# MDF baseboard, curved wall



## joe cool

I want to put MDF baseboard on the "inside" of a curved wall. Radius is about 8 or 9 foot. Can I do it without the stuff breaking? Any tips / tricks? Score the back? Wet it like drywall? I do not want to use the pricey rubber molding.


----------



## Nestor_Kelebay

Joe:

You can't wet MDF without it swelling up and getting soft, just like a quality breakfast cereal.

Cutting a thousand notches in the back of it to make it bendable is one option, but it'll take you forever.

Really, about the best option would be to use cheap vinyl baseboard molding here.  Johnsonite, Roppe and Bengard make it in a wide variety of colours to match your existing MDF baseboard.


----------



## joe cool

Apparently this is MDF. Is there a special technique to bending it?


----------



## handyguys

Joe - its cheap enough to just try it and see. If you need some extra pulling power use what are called 'trim head screws' and not nails and make sure you hit a stud with them.

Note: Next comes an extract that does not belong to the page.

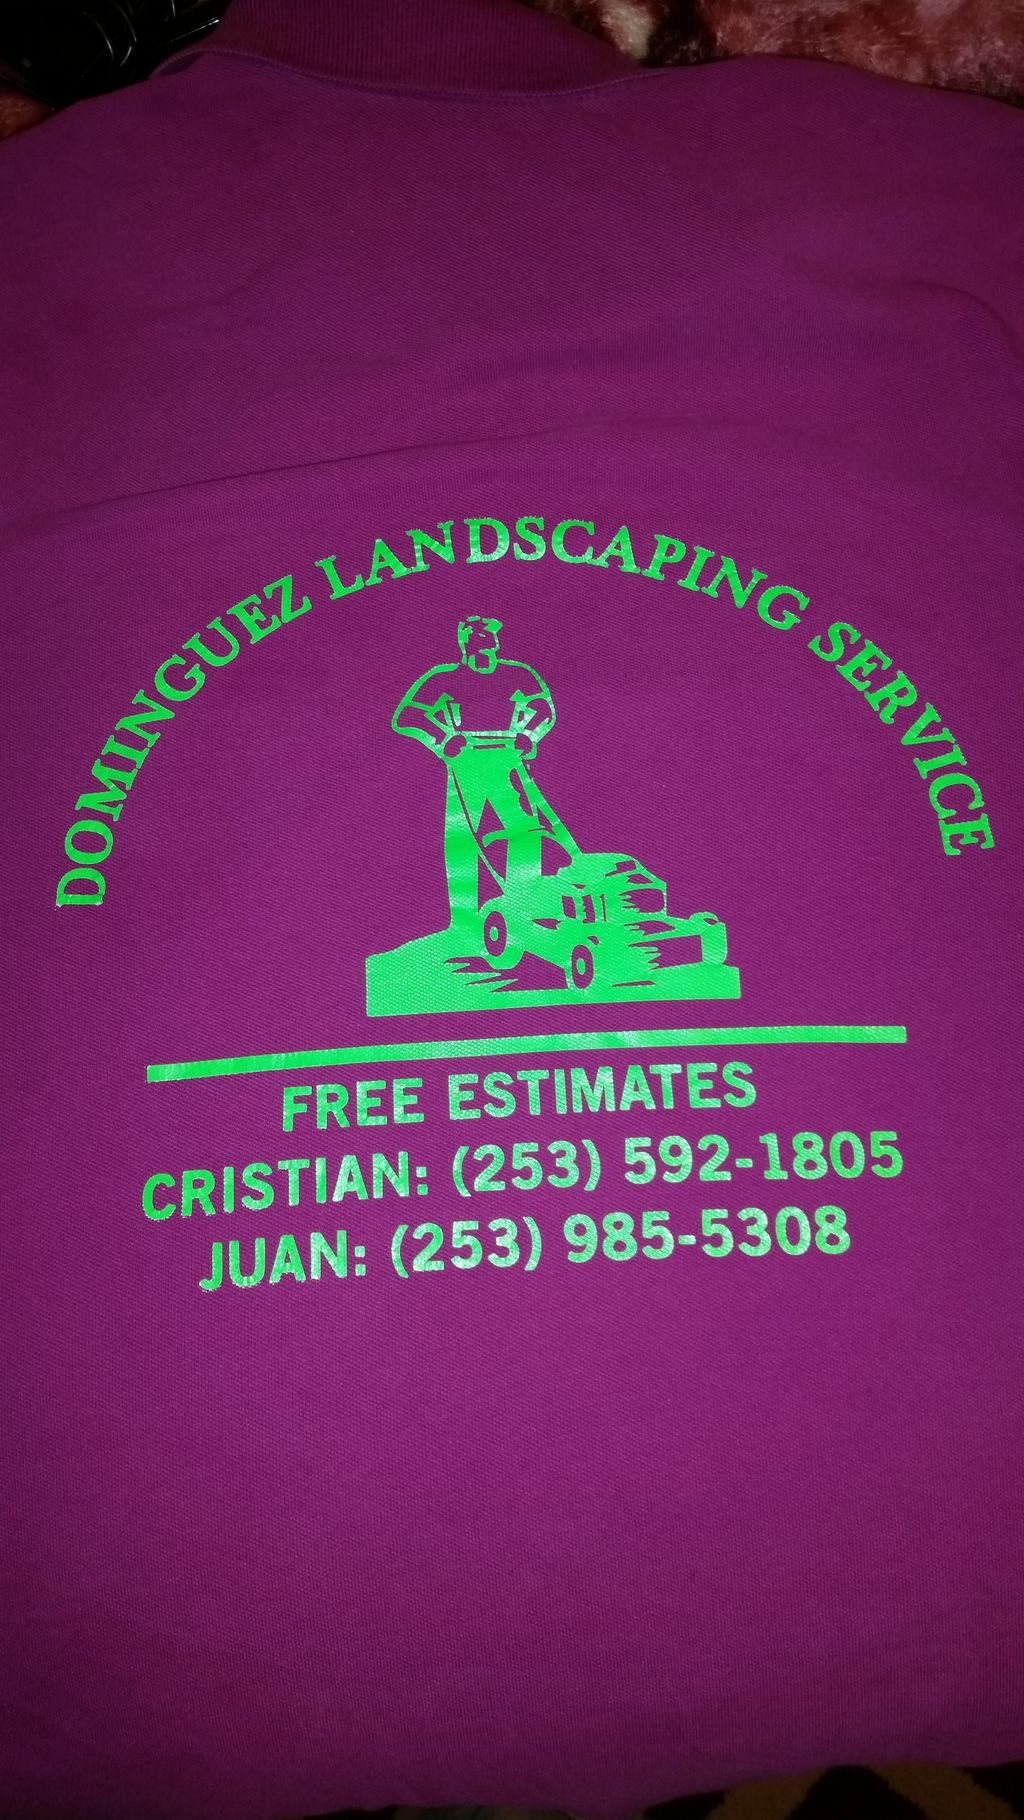 Dominguez Landscaping  Service

My guess is that a 9' radius is doable. would only cost you a few bucks and a little time to try it. Worst case it doesn't work. 

I agree that wetting it would just cause it to fall apart. Cutting kerfs would cause it to look like garbage and probably lead to breakage. 

Painters caulk when you get it up if you have slight gaps. Don't use silicone or general purpose caulk. Get "painters caulk".


----------



## Nestor_Kelebay

Joe:

Here's a company offering to make paintable moldings out of a flexible plastic that can be bent:
Flexible molding

Here's a company in Australia that makes pre-notched MDF board for bending under the trade name "Craftform":
The Laminex Group

What scares me is that MDF is pretty weak stuff to begin with.  If you then notch it the way these Aussies are doing, it'd be a trick to even pick it up without breaking it.


----------



## joe cool

Thanks for the help. I won't get it wet and I'll avoid scoring the back unless all else fails. I suspect the Aussie stuff has some kind of flexible surface bonded to it.
My new plan is to do it over several days. Force a section into place with some kind of form. Glue and screw those few feet, then let it set overnight before proceeding. Maybe I'll get lucky and just the screws alone will hold it in place and I can go faster.


----------



## inspectorD

The sheets we use for this is only 1/4 " thick. You can buy them in 10foot sheets. You need 3 sheets thick, lots of yellow glue and start pin nailing and work the sheets down or up the wall.
All the curved stairs are done this way ...lamination. 
Good luck.


----------



## handyguys

I would NOT do small sections though. Your joints will show. My preference would be one long piece with no joints.


----------